See: http://www.julianbrowne.com/article/viewer/brewers-cap-theorem
2.2base Theory
Basicallyavailble basic availability (failed to support partition)
Soft-State Soft State/flexible transaction (stateless connection, supporting asynchronous)
Eventual consistency final consistency (do not require high consistency, only require eventual consistency)
The core of the base theory is to sacrifice high consistency to obtain availability or reliability.
See: http://www.jdon.com/jivejdon/thread/37625
2.3 eventual consistency Theory
(1) Strong Consistency
Strong Consistency (instant consistency) if a first writes a value to the storage system, the storage system ensures that the latest values will be returned for subsequent read operations A, B, and C.
(2) Weak Consistency
If a writes a value to the storage system, the storage system cannot guarantee that the read operations of A, B, and C can read the latest value. In this case, there is a concept of "inconsistent window", which refers to the period from when a writes a value to when A, B, and C reads the latest value.
(3) final consistency
Eventual consistency is a special case of weak consistency. If a writes a value to the storage system, the storage system ensures that the same value is not updated before reading A, B, and C, in the end, all read operations will read the latest value of the write. In this case, if no failure occurs, the size of the "inconsistency window" depends on the following factors: interaction latency, system load, and the number of replica in the replication technology (this can be understood as the number of salve in the master/salve mode).

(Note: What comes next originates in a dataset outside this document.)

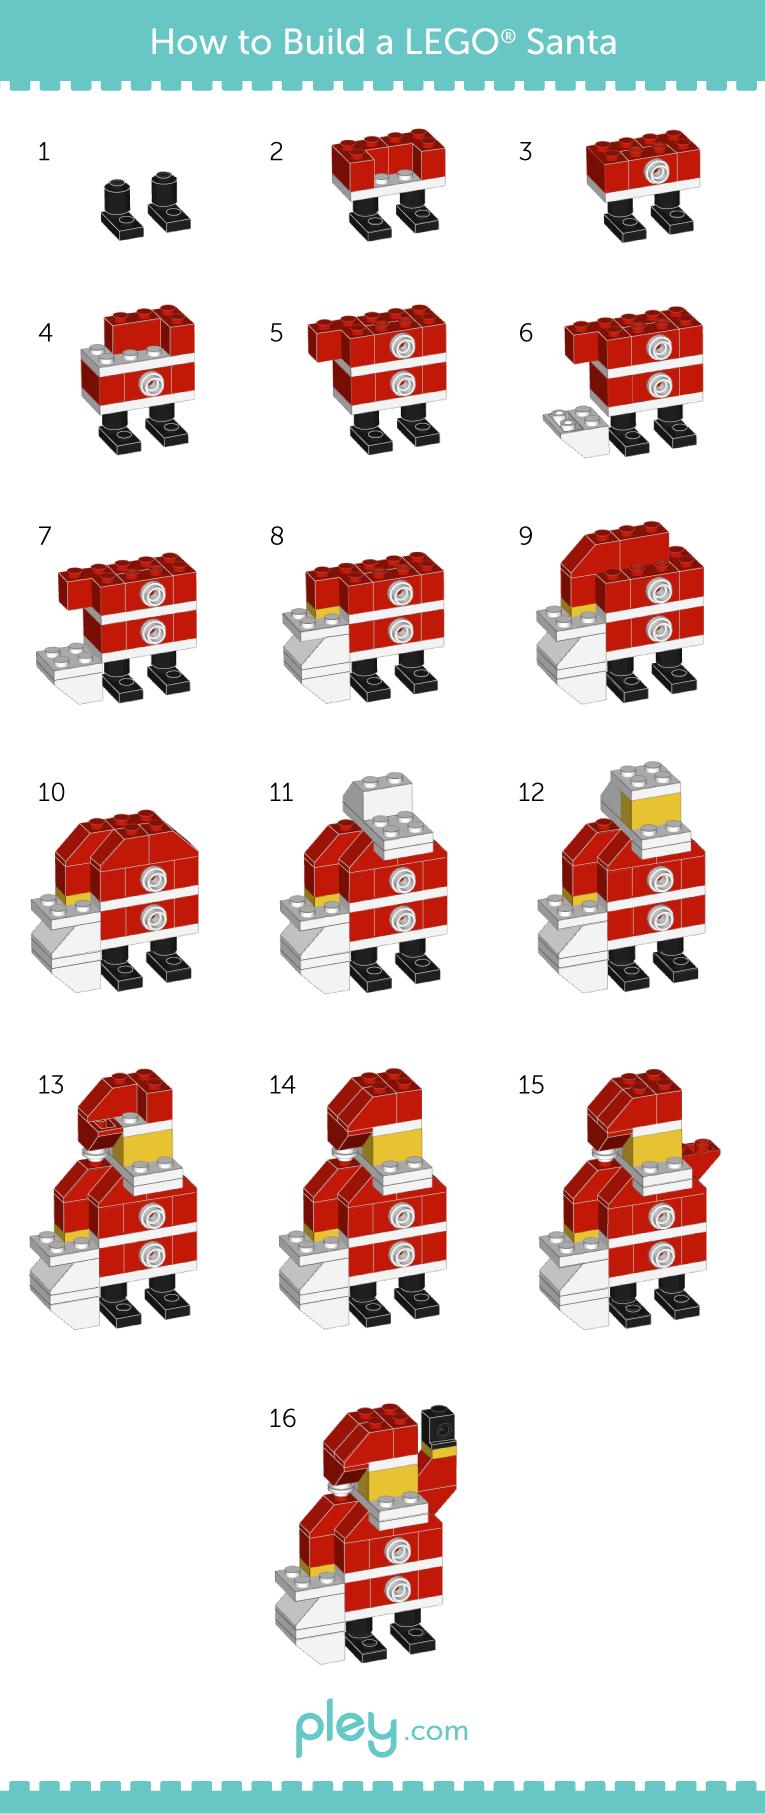 Pley reveals how to build a lego snowman christmas tree and santa

The most famous system in terms of final consistency is the DNS system, after updating the IP address of a domain name, all customers will see the latest value based on the Configuration Policy and Cache control policy.

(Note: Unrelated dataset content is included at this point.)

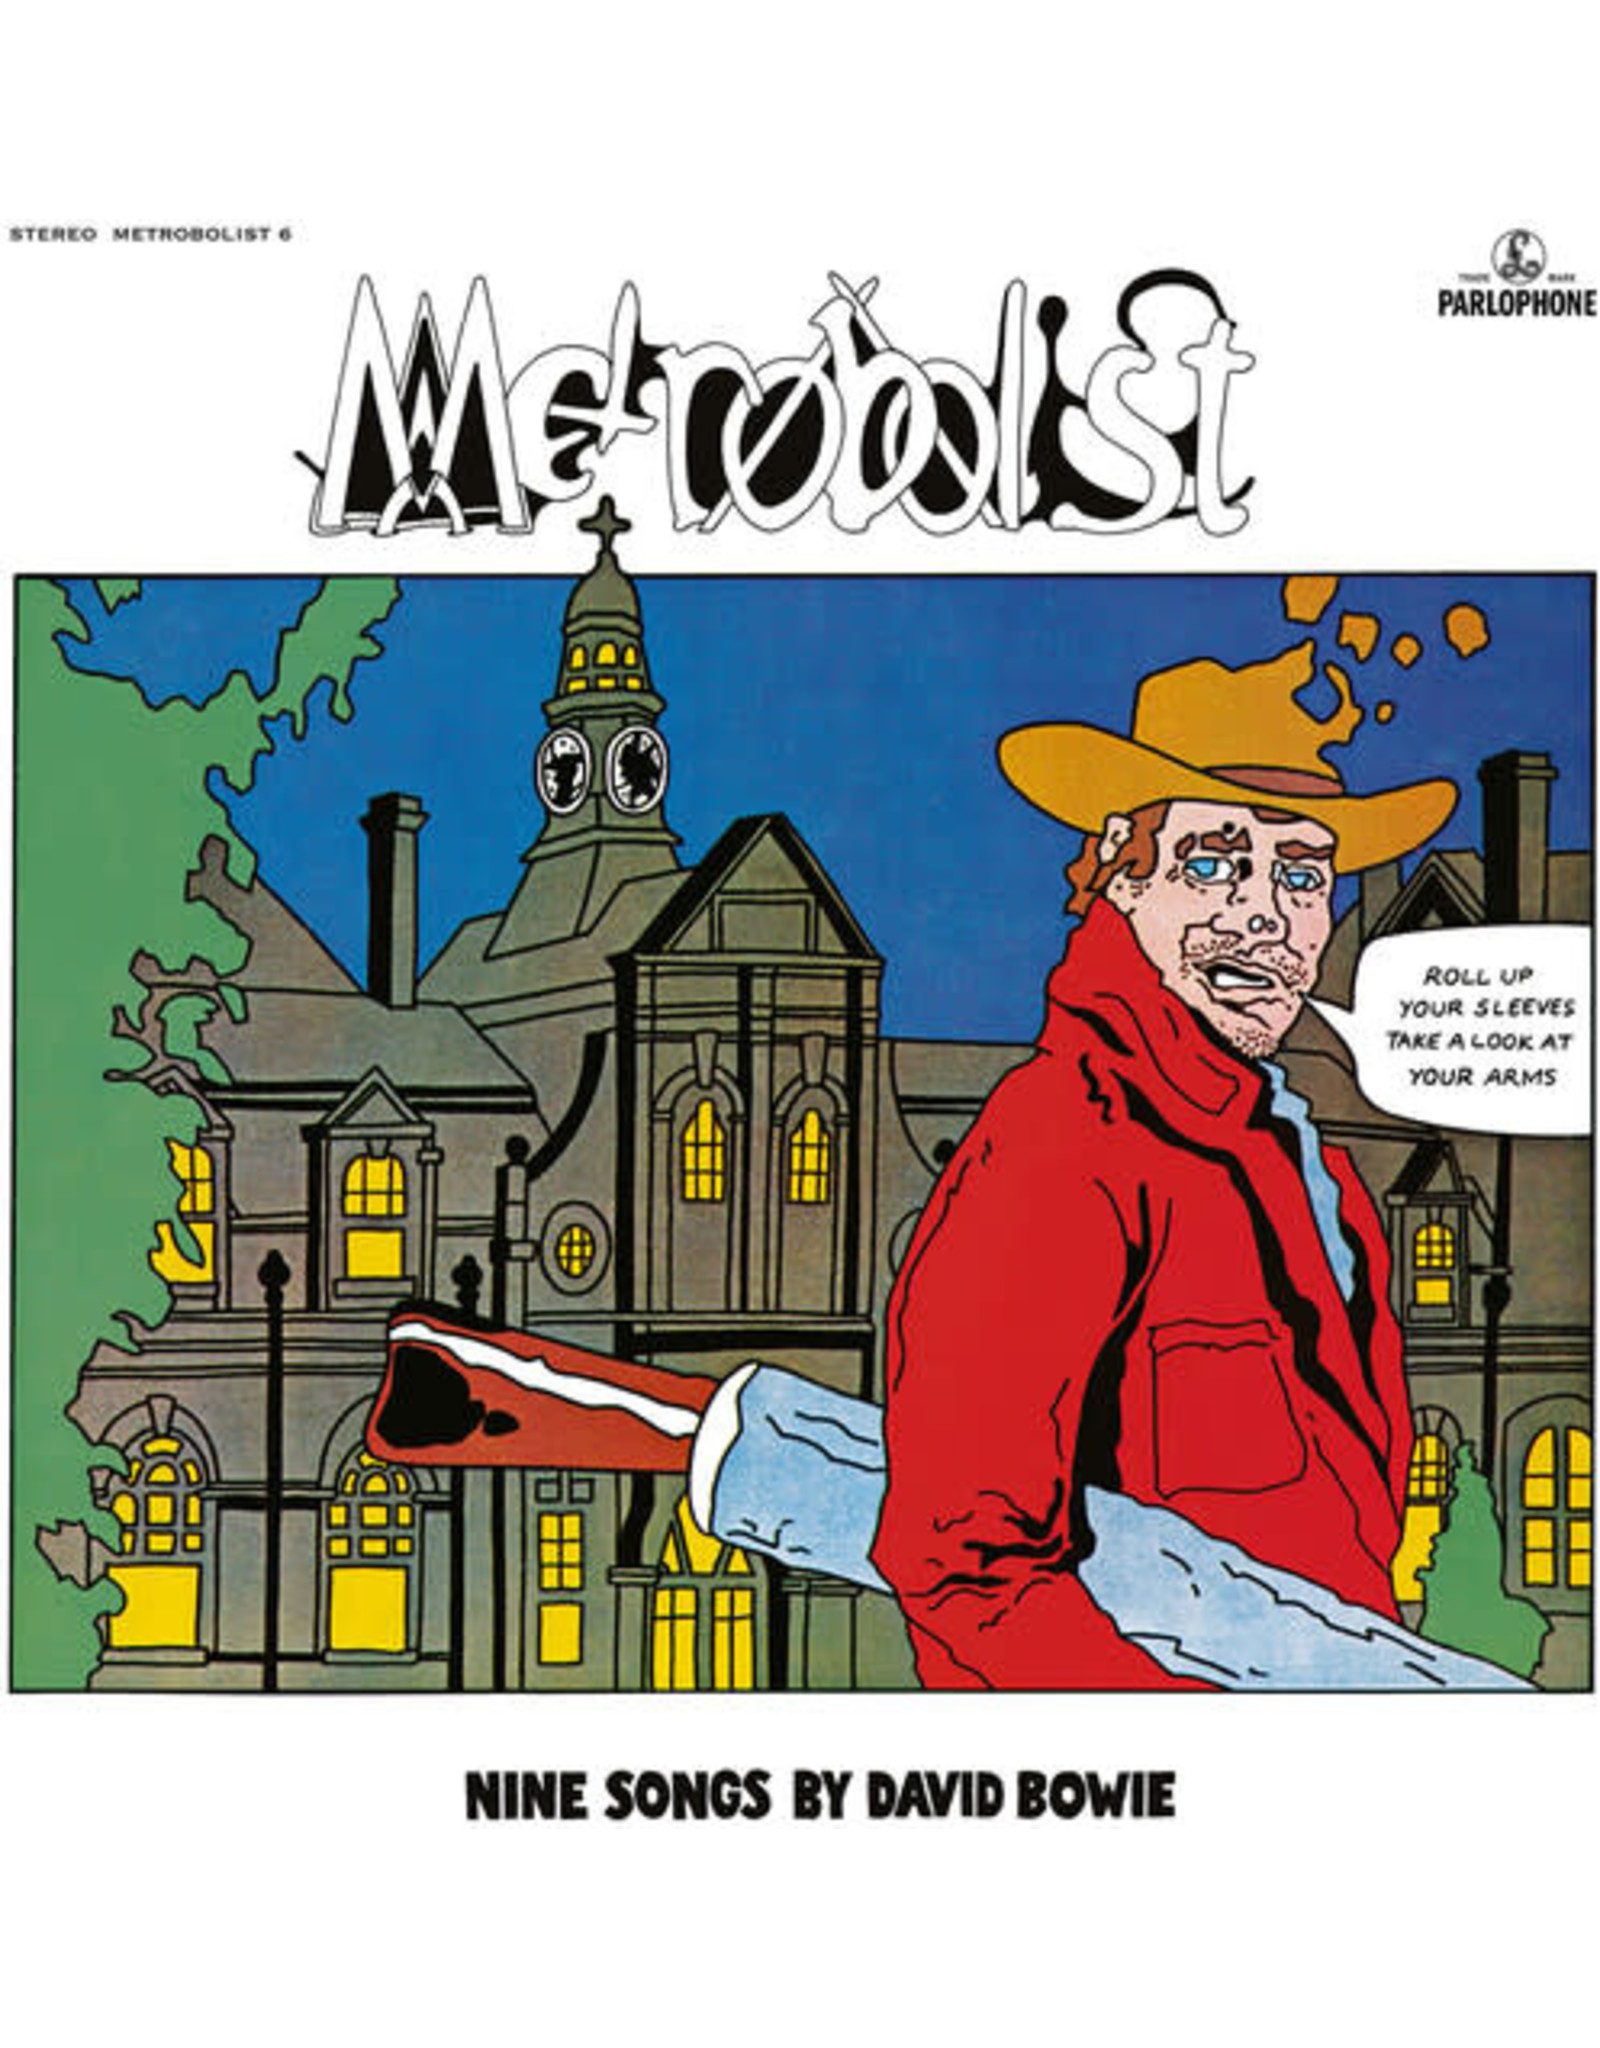 New Vinyl David Bowie - Metrobolist (AKA The Man Who Sold The World) LP

See: http://www.allthingsdistributed.com/2008/12/eventually_consistent.html
3. Technology
3.1 distributed storage
(1) Master/Slave
Advantage: mature and stable
Disadvantages: single point of failure in write operations and slave latency
(2) Multi-Master
Advantage: Multiple masters solve single point of failure (spof)
Disadvantage: inconsistency is not easy to implement
(3) Two phase commit
Advantage: simple consistency Algorithms
Disadvantage: No Fault Tolerance
(4) three phase commit
Advantage: an agreement can be reached after a single point of failure occurs.
See: http://sebug.net/paper/databases/nosql/Nosql.html#_08464202471077442_91161458194
3.2 consistent hash
Consistent hash is a clever hash algorithm that is effective in solving the Load Balancing Problem of distributed systems.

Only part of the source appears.